Re: Split Gecko in standalone fuzzing-friendly programs.

2016-03-09 Thread twsmith
On Wednesday, March 9, 2016 at 9:38:55 AM UTC-8, Nicolas B. Pierron wrote:
> This discussion is a follow-up discussion to some emails sent privately by 
> accident.
> 
> If you have not followed, I will quote David Bryant:
>  > Improving release quality is one of the three fundamental goals Platform
>  > Engineering committed to this year. To this end, lmandel built a Bugzilla
>  > dashboard that allows us to track regressions found in any given release
>  > cycle. This dashboard [...] can
>  > also be found at: http://mozilla.github.io/releasehealth/
> 
> To David's email, I answered the following:
> 
> --
> tl;dr: If we want to improve the quality of our products we should
> split Gecko in standalone programs which are fuzzing-friendly.
> 
> One thing which strikes me, is the ratio of regressions per component
> that we have for each versions, and more over who are the persons
> opening these bugs:
>   - Release: 
> https://bugzilla.mozilla.org/buglist.cgi?columnlist=product%2Ccomponent%2Creporter=cf_status_firefox44=OP=cf_status_firefox43=cf_status_firefox43=cf_status_firefox43=CP_fields=id=OR=regression%2C_type=allwords_id=12898533=equals=equals=equals=equals_format=advanced=---=affected=unaffected=%3F=---_based_on=
>   - Beta: 
> https://bugzilla.mozilla.org/buglist.cgi?columnlist=product%2Ccomponent%2Creporter=cf_status_firefox45=OP=cf_status_firefox44=cf_status_firefox44=cf_status_firefox44=CP_fields=id=OR=regression%2C_type=allwords_id=12898534=equals=equals=equals=equals_format=advanced=---=affected=unaffected=%3F=---_based_on=
>   - Aurora: 
> https://bugzilla.mozilla.org/buglist.cgi?columnlist=product%2Ccomponent%2Creporter=cf_status_firefox46=OP=cf_status_firefox45=cf_status_firefox45=cf_status_firefox45=CP_fields=id=OR=regression%2C_type=allwords_id=12898536=equals=equals=equals=equals_format=advanced=---=affected=unaffected=%3F=---_based_on=
>   - Nightly: 
> https://bugzilla.mozilla.org/buglist.cgi?columnlist=product%2Ccomponent%2Creporter=cf_status_firefox47=OP=cf_status_firefox46=cf_status_firefox46=cf_status_firefox46=CP_fields=id=OR=regression%2C_type=allwords_id=12898528=equals=equals=equals=equals_format=advanced=---=affected=unaffected=%3F=---_based_on=
> 
> To be more precise:
>   - The small number of regression we have in the JS engine on the
> release channel, versus the Extremely Huge number of regressions we
> have on nightly.
>   - And the fact that (almost) all the bugs opened against the JS
> engine are opened by our fuzzing team.
> 
> What I want to remark is the fact that our automated fuzzing is better
> at finding recently introduced regressions.  And as far as I know,
> Alice is not a bot.
> 
>  From what I know, the reason fuzzing team is so efficient on the JS
> engine is because we have a *standalone* JS shell.

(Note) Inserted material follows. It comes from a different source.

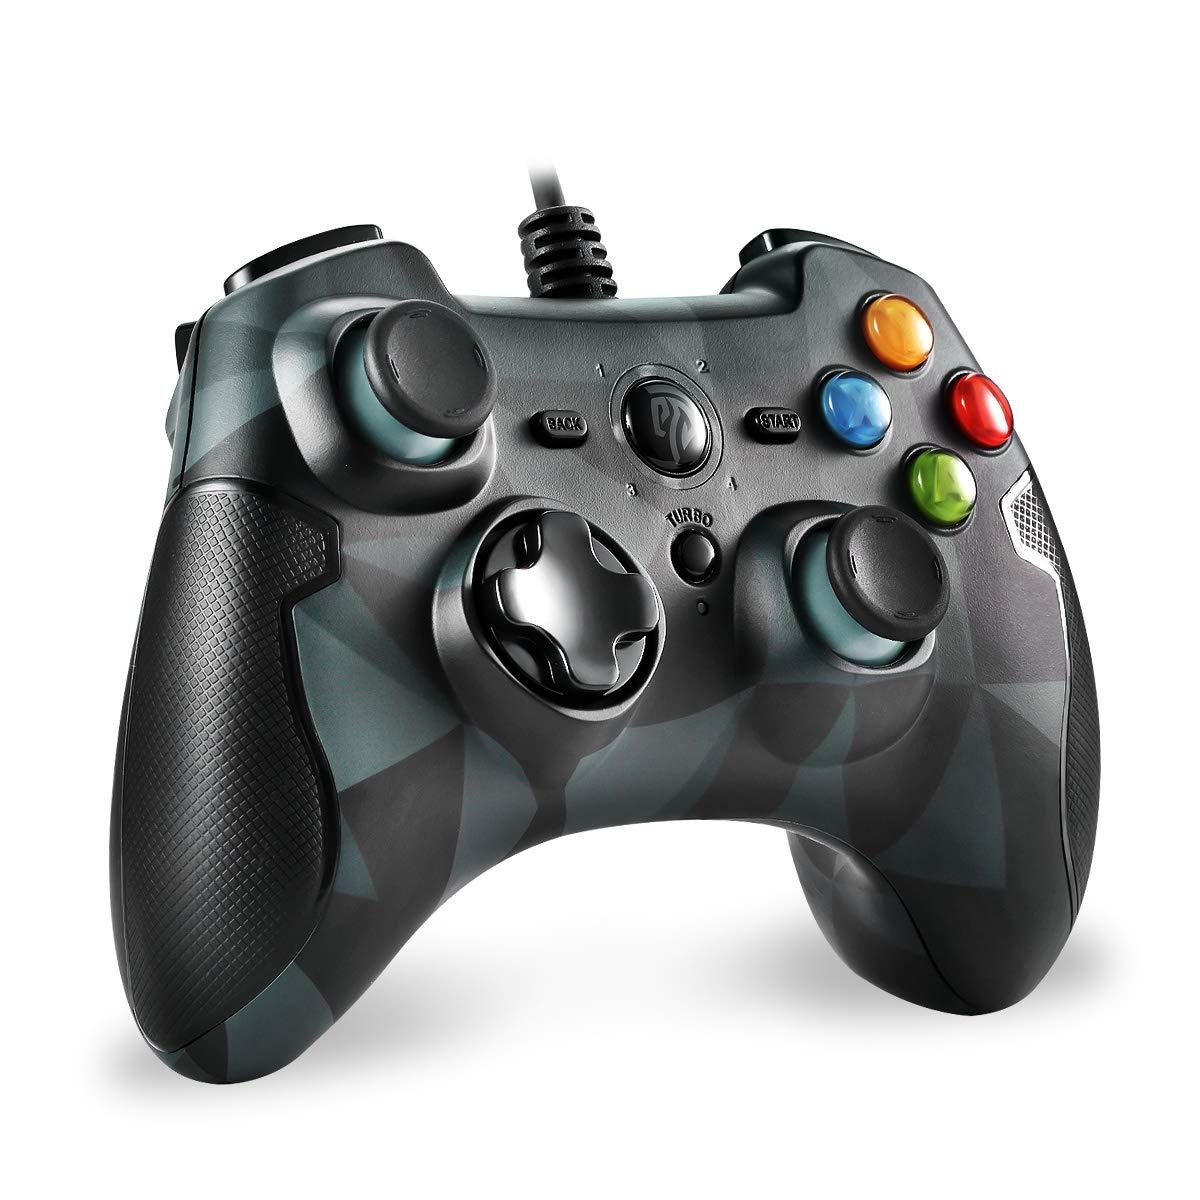 EasySMX Controller Joystick fü r Spiele mit Kabel mit Dual-Vibration, Turbo und Fronttasten fü r Windows/Android / PS3 / TV Box (Grau) ESM-9100-Gray

> The *standalone* JS shell is also the reason why our build time is
> below 2 minutes as opposed to 18 minutes.
> 
> So, I think that if we want to improve our quality we should focus on
> making fuzzing-friendly standalone programs for the different
> components of the platform.
> Thus reducing, the compilation time, reducing the test suite time, and
> improving the ability of the fuzzing team to find recently added
> regressions.
> 
> Maybe I am wrong, in which case the other alternative might be to
> staff the JS Team to get rid of all these nightly issues before they
> ride the train to release.
> --
> 
> To which I got the following replies:
> 
> On Wed, Mar 9, 2016 at 3:05 PM, Kyle Huey wrote:
>  > The ratio of engineers to code in the js engine is so much higher than
>  > the rest of the product that I'm not sure this is a sensible comparison.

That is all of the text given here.